One of the best ways to build an author platform is by doing speaking engagements. You share your expertise, come into direct contact with potential book buyers, tap into existing readership, build your email list, and ultimately increase your income.

However, you need a plan for finding these speaking gems. Where do you find them? What if you don’t have a ton of speaking experience or expertise in a particular niche?

Just for the record, speaking gigs don’t have to be a full-fledged two-hour workshop or a fancy TED Talk–type setup; they can be as simple as presentations at libraries, talks at fundraisers, and even webinars. You won’t always get paid, but coupled with selling copies of your book (which I’ve done), these types of speaking engagements are a great opportunity to increase your visibility and to build a network of fans and contacts.

To help promote my newly published book, Accidental Soldier: A Memoir of Service and Sacrifice in the Israel Defense Forces, I’ve been using a number of strategies successfully to get on the speaking radar, beginning with my local community. These three strategies have helped me land more speaking engagements.

1. Start locally.

Your local community offers wonderful opportunities for networking and speaking.

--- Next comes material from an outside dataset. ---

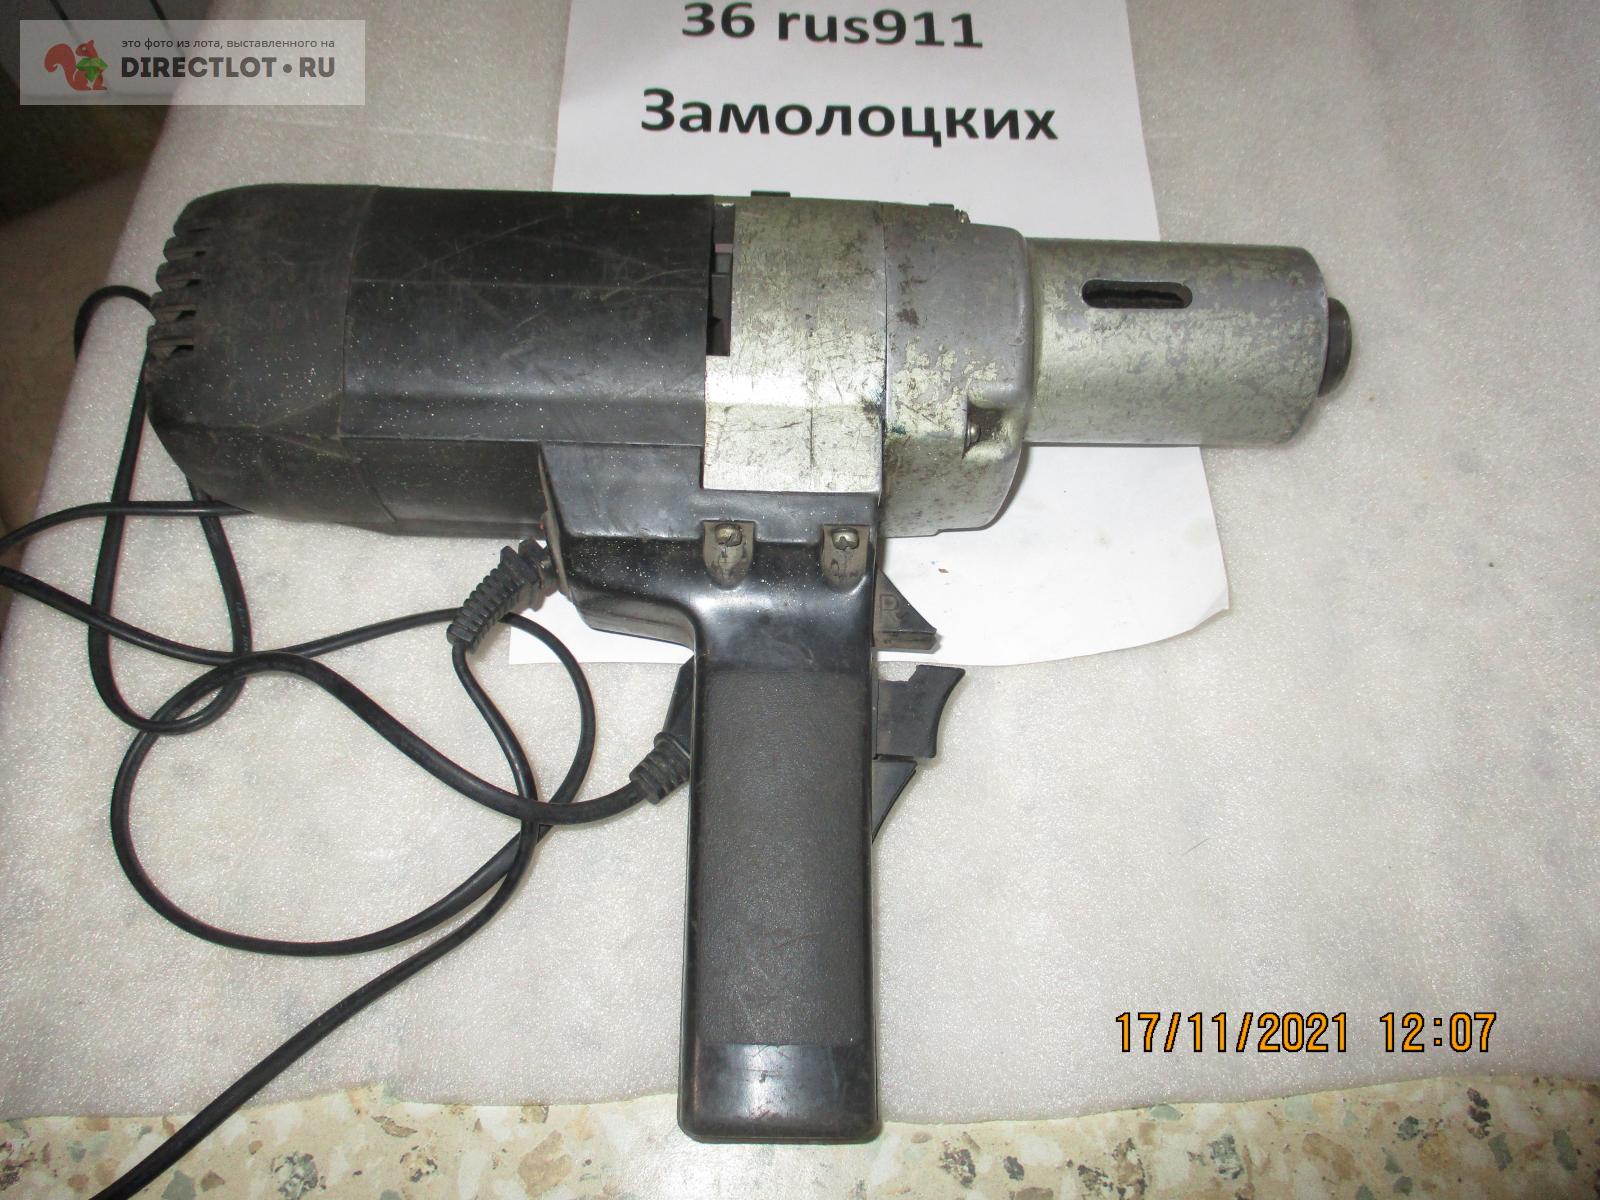 дрель электрическая 220 вольт ИЭ 1305  в Воронеже цена 3750 Р на .

Almost all of these networking communities are looking for speakers to engage their members.

Here are a few examples:

  • Local rotaries love to feature different stories and profiles about their communities. You don’t have to be a member or write a book about business. You don’t have to be a bestselling author or a member of the National Speaking Association. You’ll typically be given a twenty- to twenty-five-minute speaking slot where you can talk about the themes of your book or the writing process—always offer a few helpful tips or strategies.
  • Informal business-type luncheons in your area can be identified through, and chances are there will be quite a few of these. These are homegrown opportunities. Plan on attending a few. Get to know the members. Ask what topics might be of interest for future speaking engagements. Offer to do a talk on a subject of value. Fiction is always a harder sell than nonfiction, but if you can talk about how your book supports universal themes or lessons, you’ll have a better chance of engaging your audience.
  • Bookstores and libraries are hungry for author talks and panels, but often there can be low turnout, which can be discouraging; in fact, bookstores and libraries are concerned about low turnout. Instead of immediately getting discouraged or intimidated due to a lack of a following, use your social media voice to drive “customers” to your venue using this sample plan.

2. Use the same book to appeal to different audiences.

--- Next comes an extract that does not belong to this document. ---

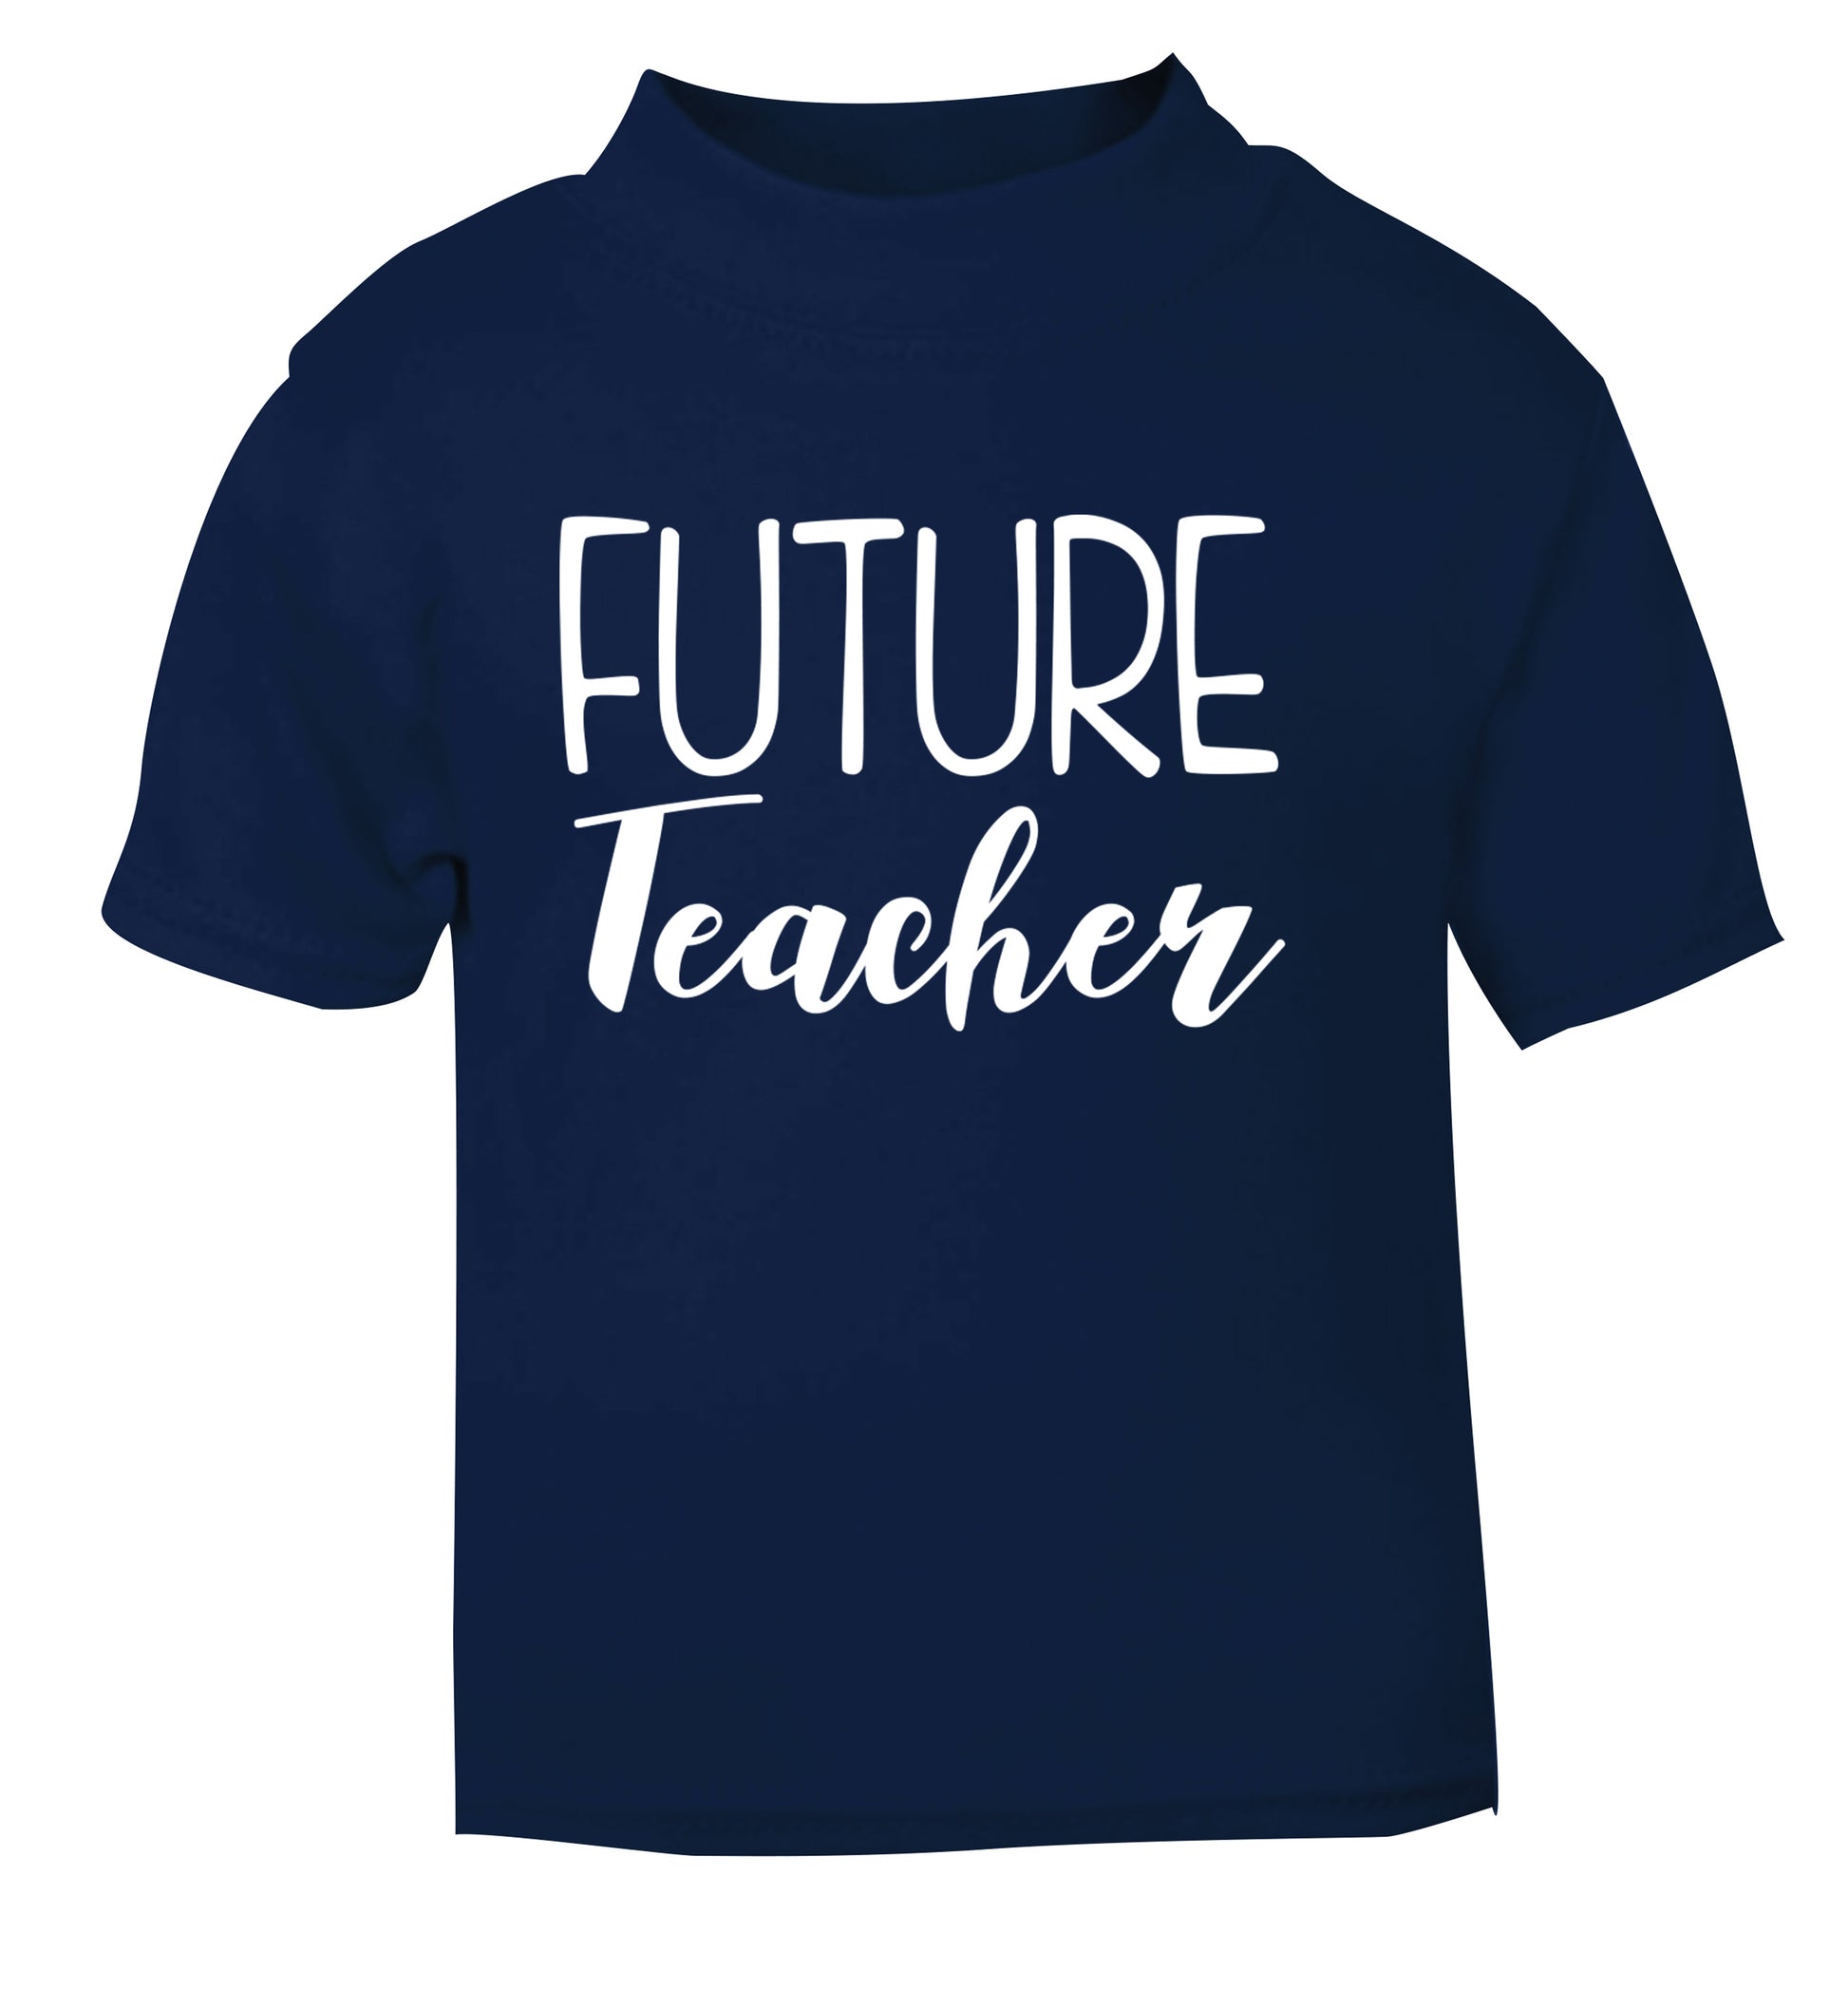 Future teacher navy Baby Toddler Tshirt 2 Years

Another tried and true way to get more speaking gigs is to appeal to multiple audiences. Use themes as a starting point. If you’re a novelist or memoirist, pitch themes that have the strongest universal appeal.

Here are examples of how I pitched six different venues with the themes of my memoir:

  • For schools: I pitched my book within the framework of an author talk that also supports the objectives of the English or global studies curriculum, because serving in the Israel Defense Forces is a worldly topic that also encompasses a coming-of-age story. I also use the heroine’s journey to support the “courage piece” of the book, which is meaningful for targeting private girls’ schools.
  • For Hillel campuses on US universities: I slightly changed the pitch to appeal to a Jewish student body.
  • For military groups and women’s organizations: I changed the wording of the pitch to showcase the status and plight of women and what it feels like to serve as a woman in a foreign militaristic country.
  • For global/refugee-type organizations: I changed the wording of the pitch to appeal to the plight of the refugee and immigrants and to give tips to directors of these organizations on how to help immigrants and refugees acculturate more effectively to the US.
  • For writing groups, talks, and conferences: I pitched to conference organizers about the courage it took to write a memoir, which also encompasses the craft of memoir writing.
  • For business groups: I used my story of courage to talk about another strategy: the courage to market yourself as a thought leader in your industry.

As you can see, six different themes support the needs of multiple audiences. This only took a few minutes. And this was all pitched locally.

Chances are, you’ve probably got multiple themes going on, whether you’re written an ebook, a novel, or a nonfiction print book. The more universal they are, the more effective you’ll be engaging your (local) audience.

As Maya Angelou famously said, “I’ve learned that people will forget what you said, people will forget what you did, but people will never forget how you made them feel.”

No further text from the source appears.